Amazon’s S3 Outage: Usage spike or DDoS attack?

By iddav at 10:50 pm on February 17, 2008Comments Off on Amazon’s S3 Outage: Usage spike or DDoS attack?

Amazon’s Simple Storage Service (S3) experienced an outage on the morning of February 15th, causing inaccessible content in the thousands of websites that rely on S3 for data storage. According to Amazon’s official explanation, the outage was due to a significantly increased volume of authenticated calls from multiple users. From the security perspective, this leads to more questions than answers.

Used by websites like Twitter and SmugMug, S3 aims to provide a robust, pay-as-you-go interface for storing virtually unlimited amounts of data on the web. It is powered by Amazon’s global storage infrastructure and its design requirements includes the goal of storing data at “99.99% availability” with “no single points of failure.”

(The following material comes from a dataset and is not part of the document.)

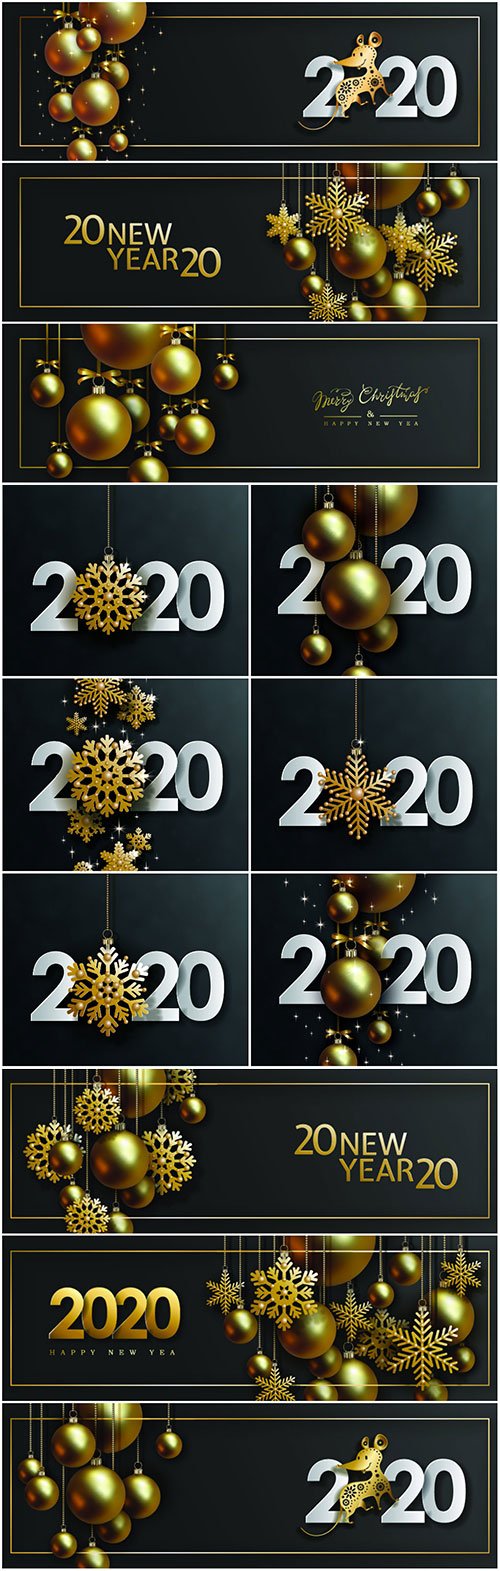 2020 Christmas and New Year design with hanging realistic golden balls

Despite the high stakes, S3 did reveal a weak link as a result of the outage: authenticated requests, due to their use of cryptography, used more resources than a typical request. The description of the cause posted in Amazon’s forums states that it was due to “elevated levels of authenticated requests from multiple users in one of our locations” at 3:30am followed by “several other users significantly increase their volume of authenticated calls,” causing the authentication service to reach capacity at around 4:00am.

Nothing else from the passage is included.